A secure future for machine identity
Machine identities’ complexity makes them a challenge to secure at scale and over their lifecycles, further complicating CISOs’ efforts to secure them as part of their zero-trust security strategies. It’s the most urgent problem many enterprises need to address, however, as just one compromised machine identity can bring an entire enterprise network down. AI and machine learning’s innate strengths are paying off in five key areas, according to CISOs. First, business cases to spend more on endpoint security need data to substantiate them, especially when reducing risk and assuring uninterrupted operations.

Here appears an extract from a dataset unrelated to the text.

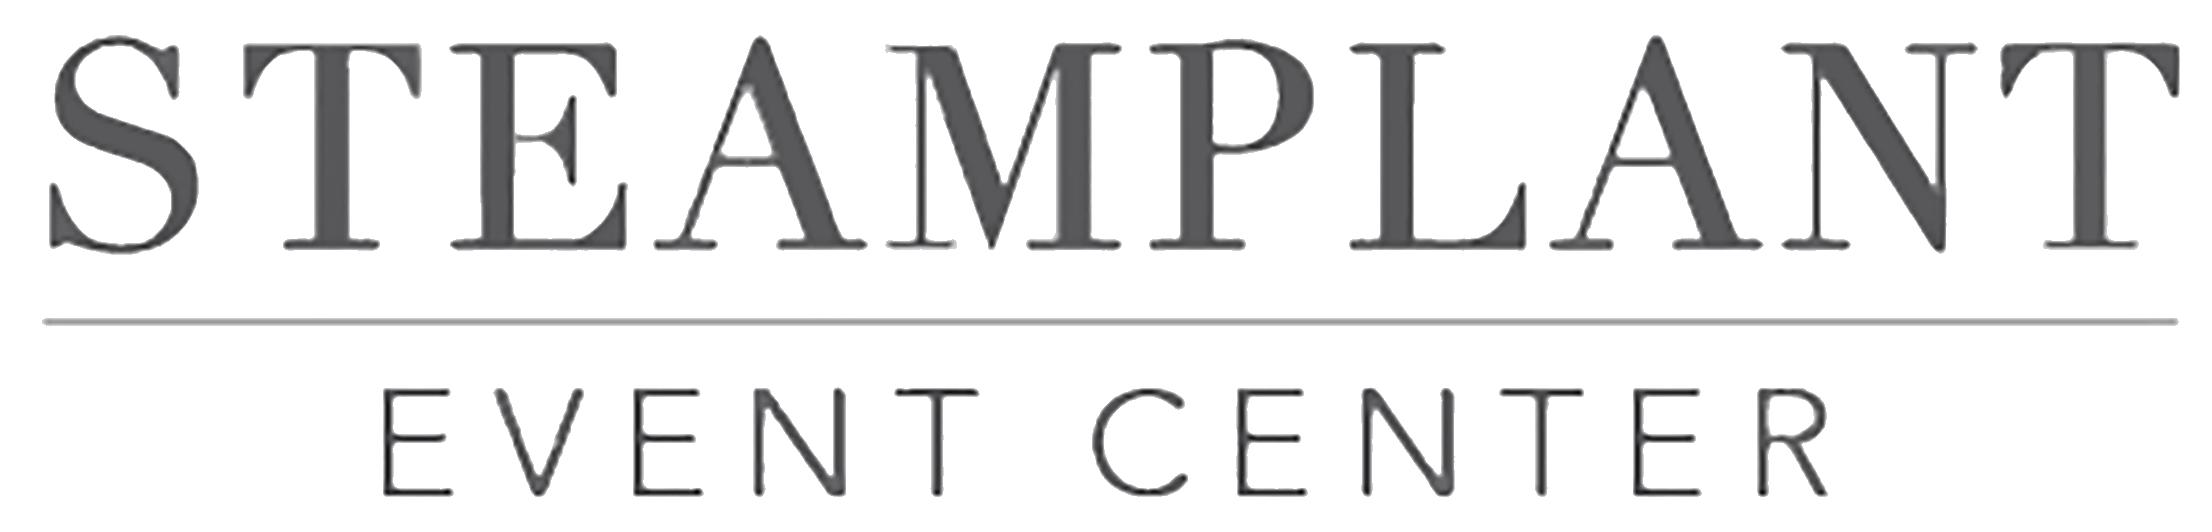 SteamPlant Event Center

AI and ML provide the data techniques and foundation delivering results in five key areas ranging from automating machine governance and policies to implementing UEM. The worst ransomware attacks and breaches of 2021 started because machine identities and digital certificates were compromised. The bottom line is that every organization is competing in a zero-trust world, complete with complex threats aimed at any available, unprotected machine.